- **Instructions to follow**: Only the stretch below from the line holding "Brooke Lewis &" through the line holding "Hivis Rain Jacket Essential Men fit example" should be restated, word for word and with both ends included; pictures stay out.
Segment Start: Information shown
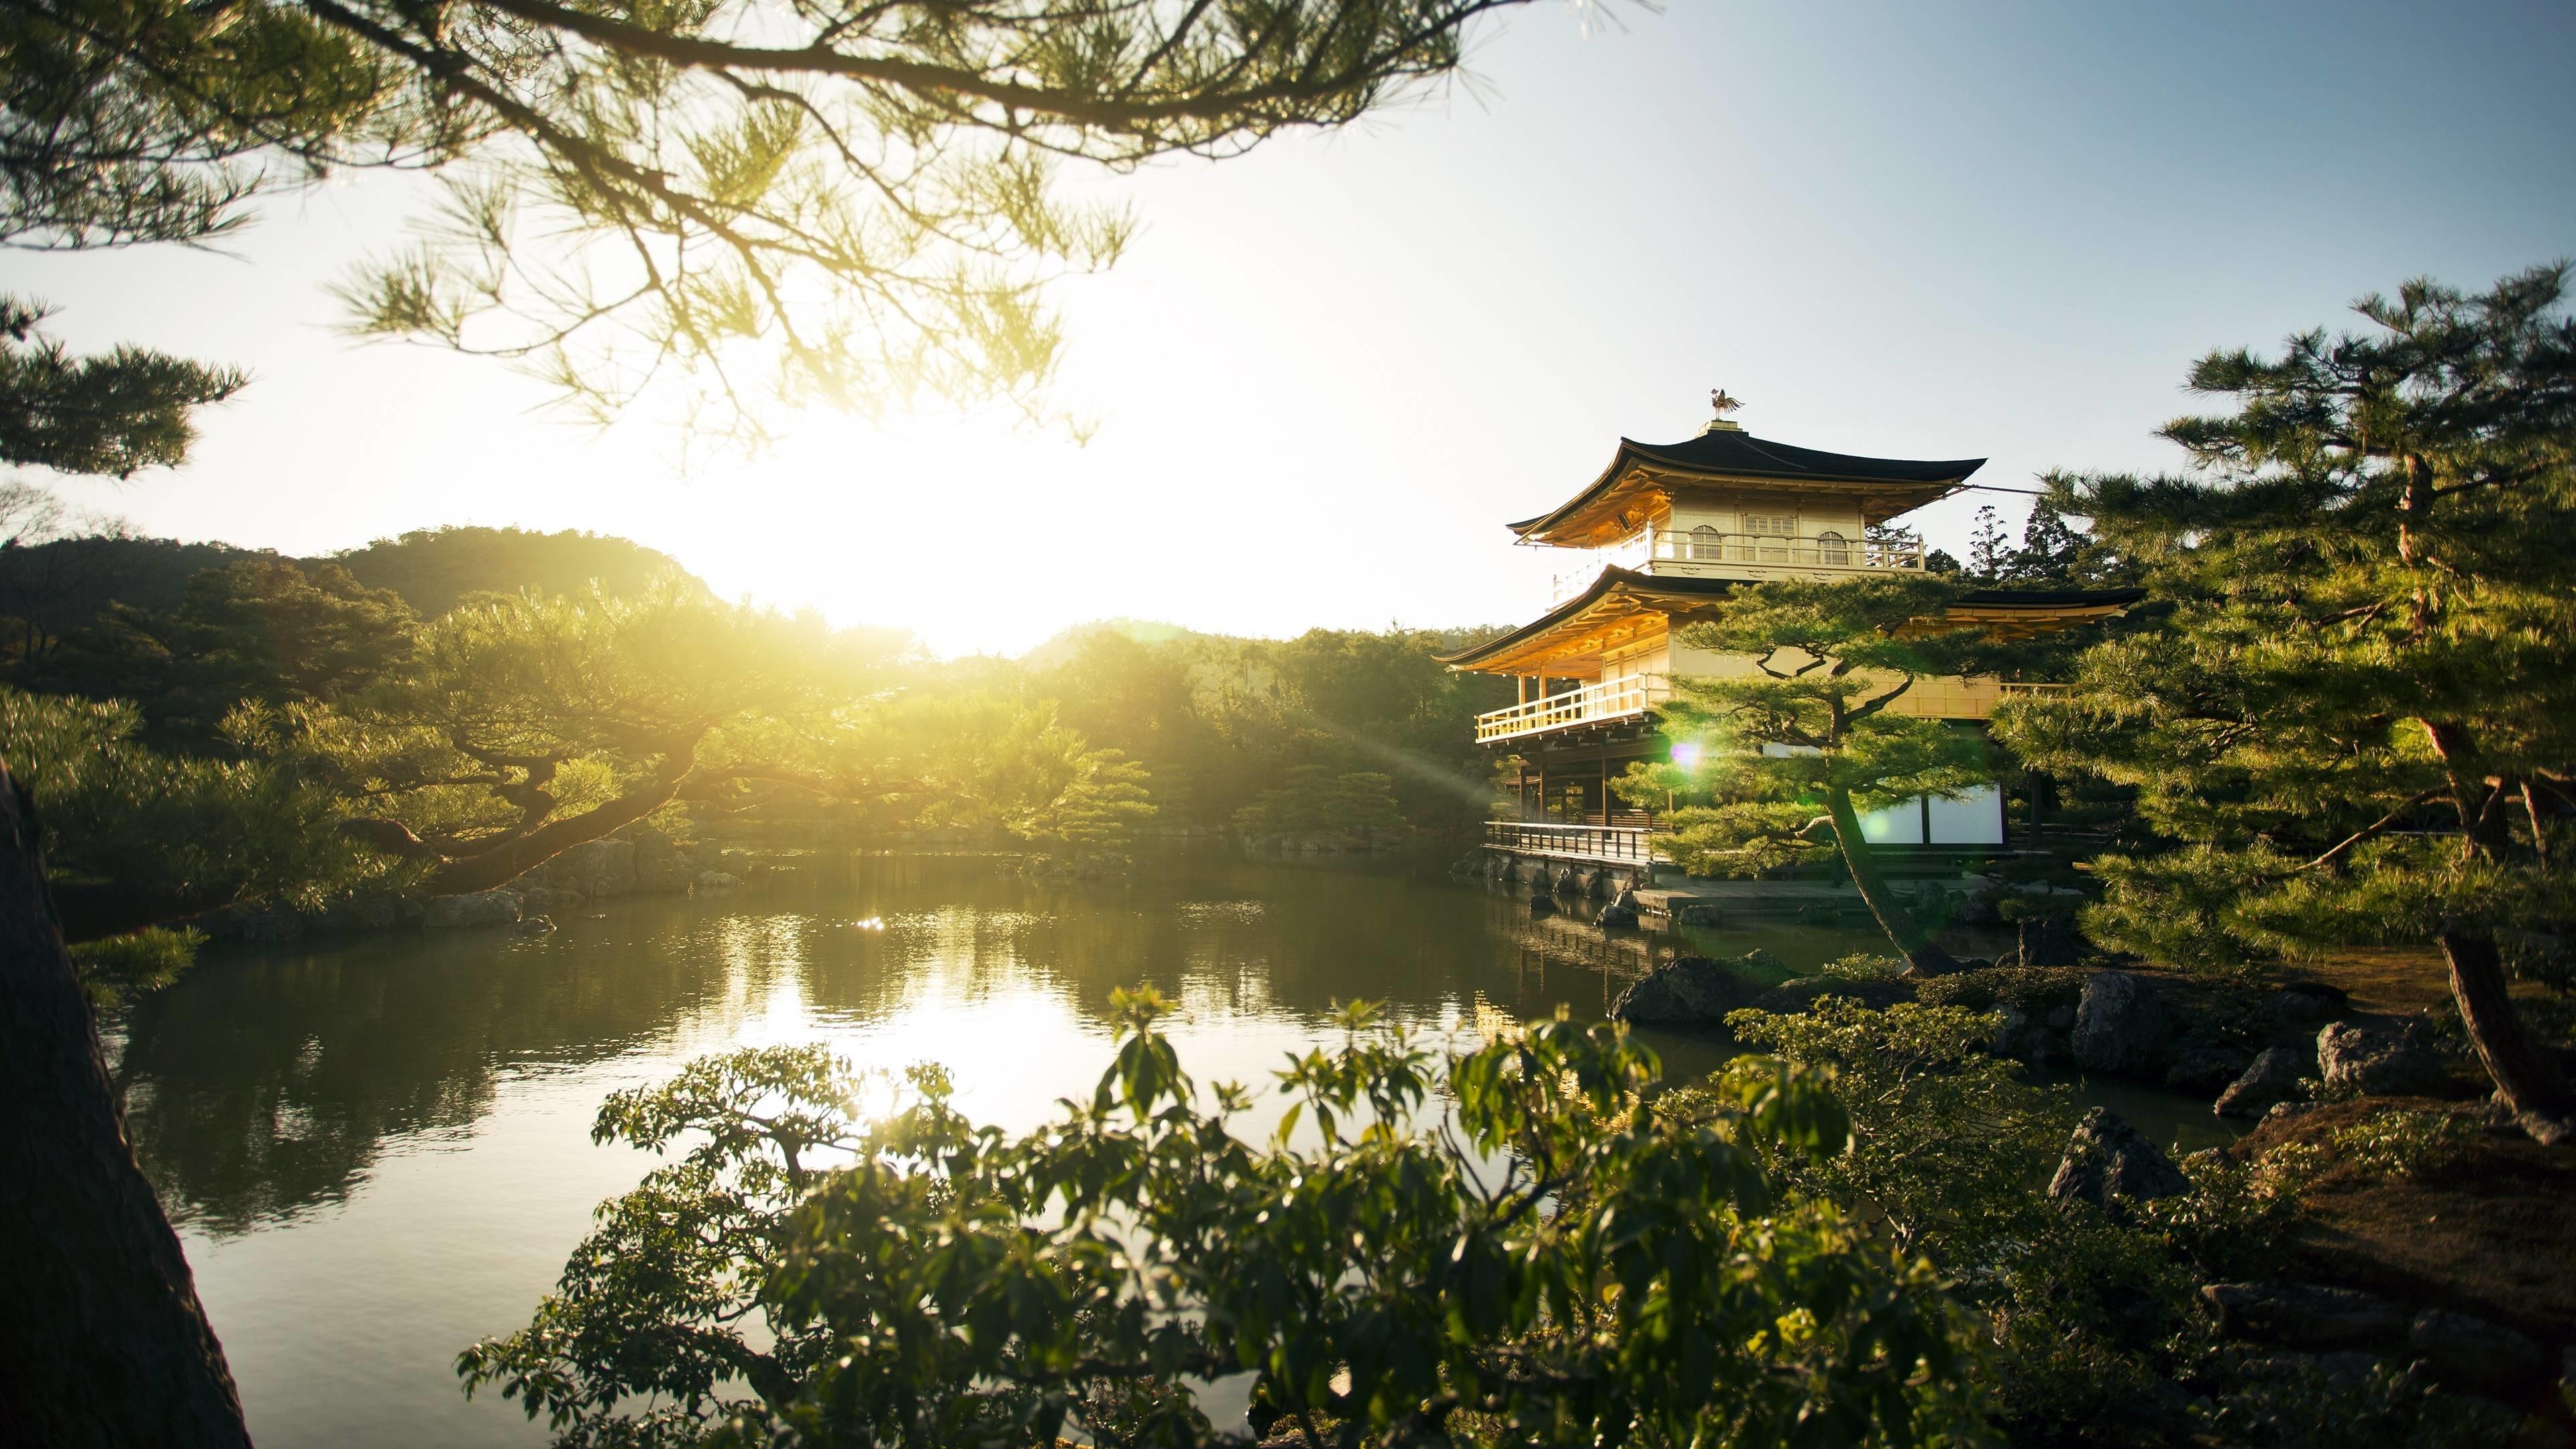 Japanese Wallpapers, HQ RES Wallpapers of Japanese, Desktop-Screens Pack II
Segment End: Information shown
Segment Start: Information shown
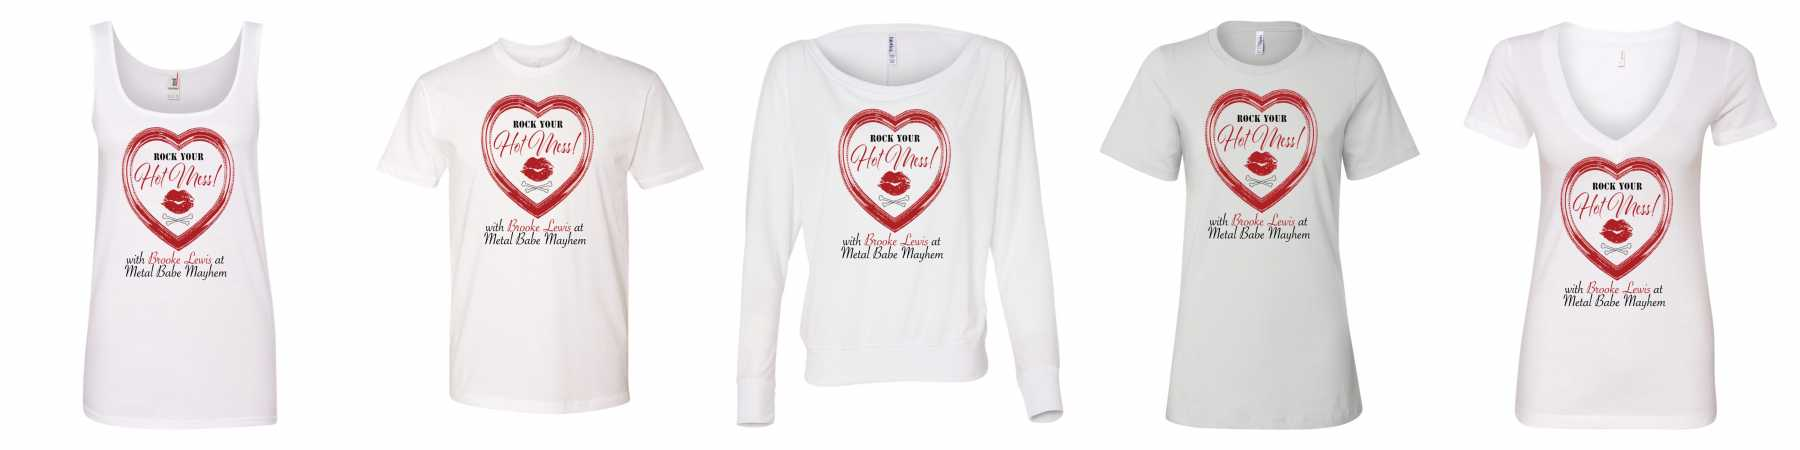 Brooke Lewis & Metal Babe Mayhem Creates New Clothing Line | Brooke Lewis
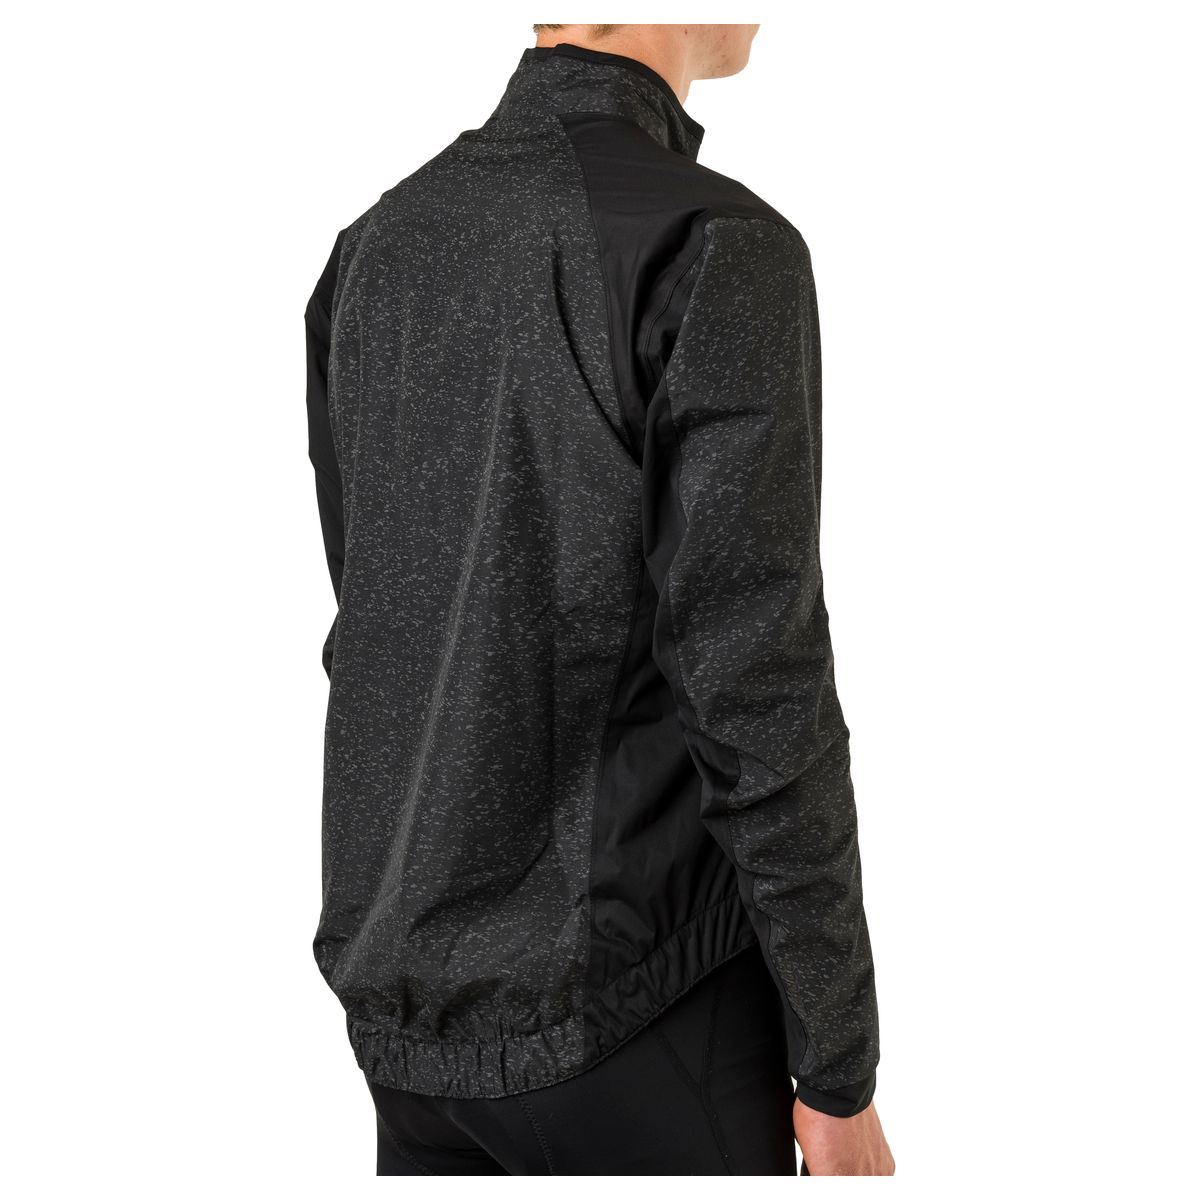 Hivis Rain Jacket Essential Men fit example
Segment End: Information shown
Segment Start: Information shown
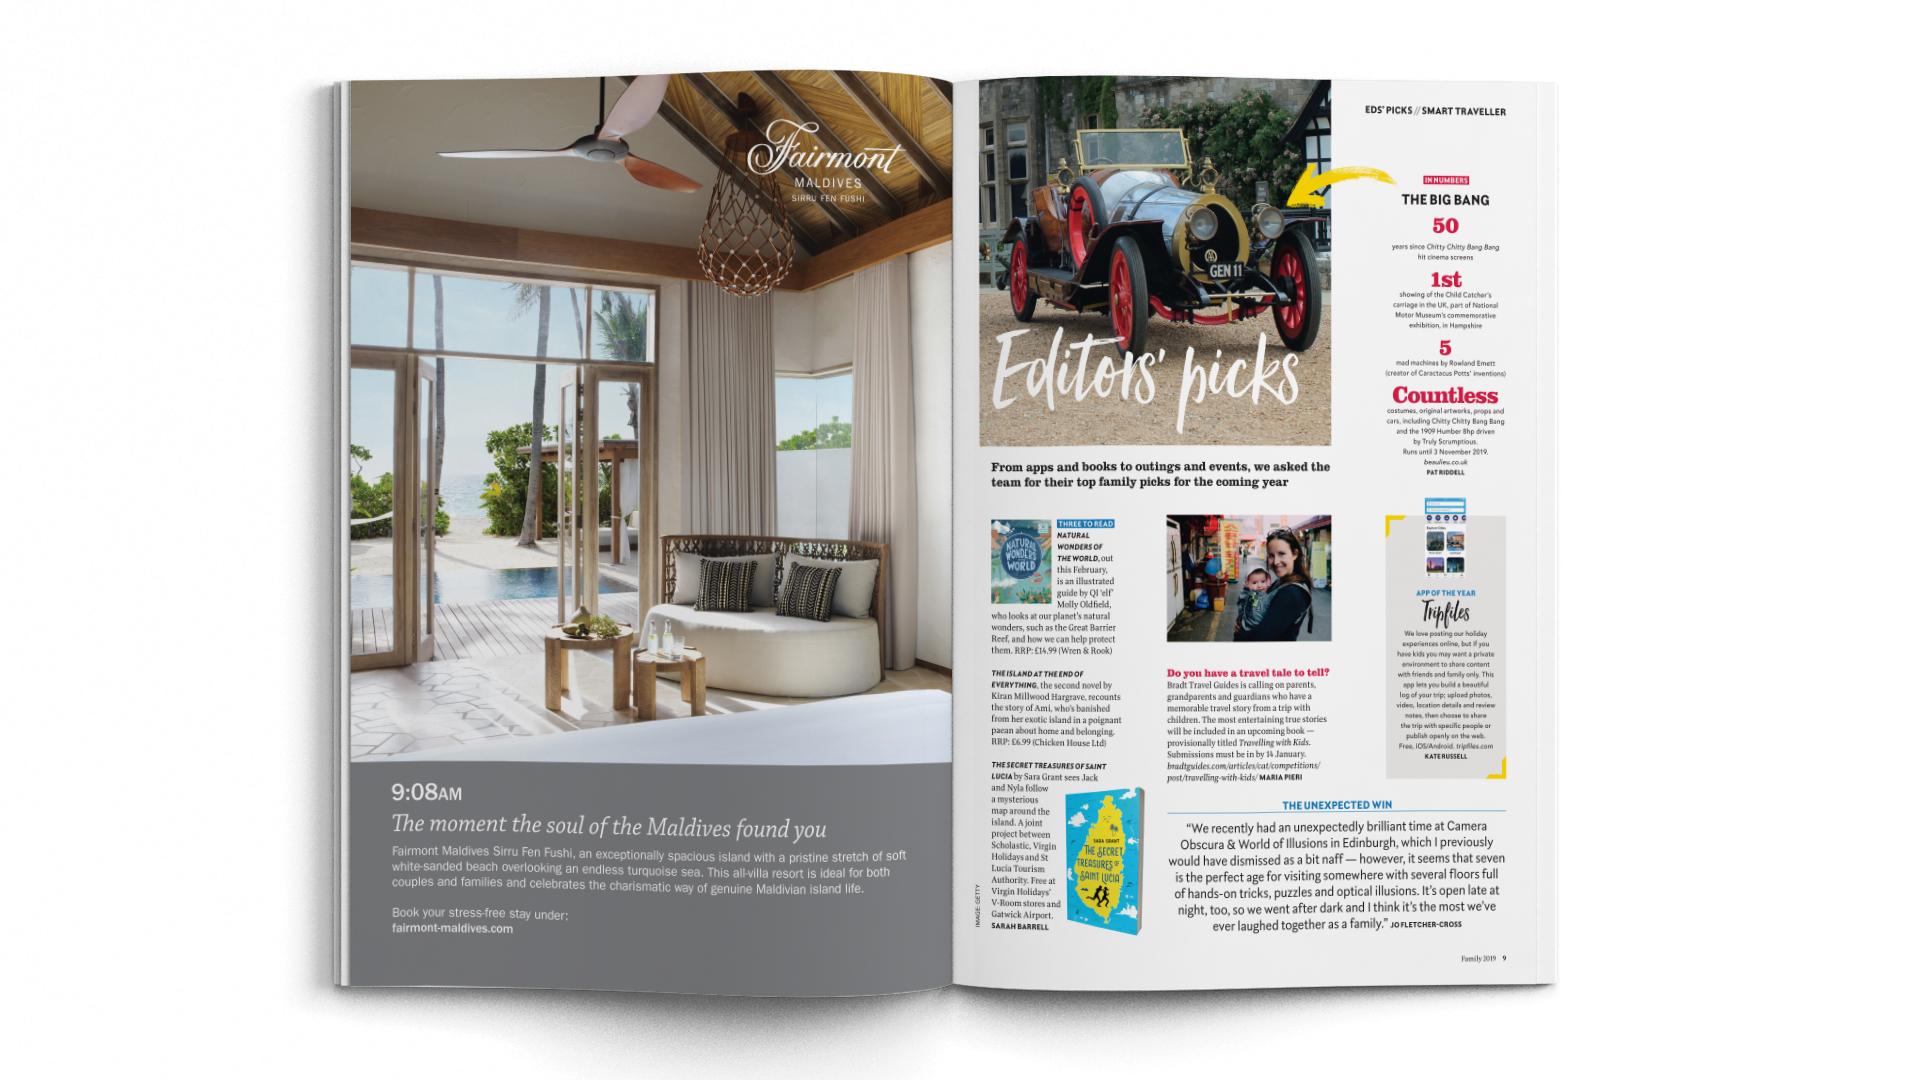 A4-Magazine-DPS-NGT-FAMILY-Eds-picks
Segment End: Information shown
- **Solution to the exercise**:
 Brooke Lewis & Metal Babe Mayhem Creates New Clothing Line | Brooke Lewis
 Hivis Rain Jacket Essential Men fit example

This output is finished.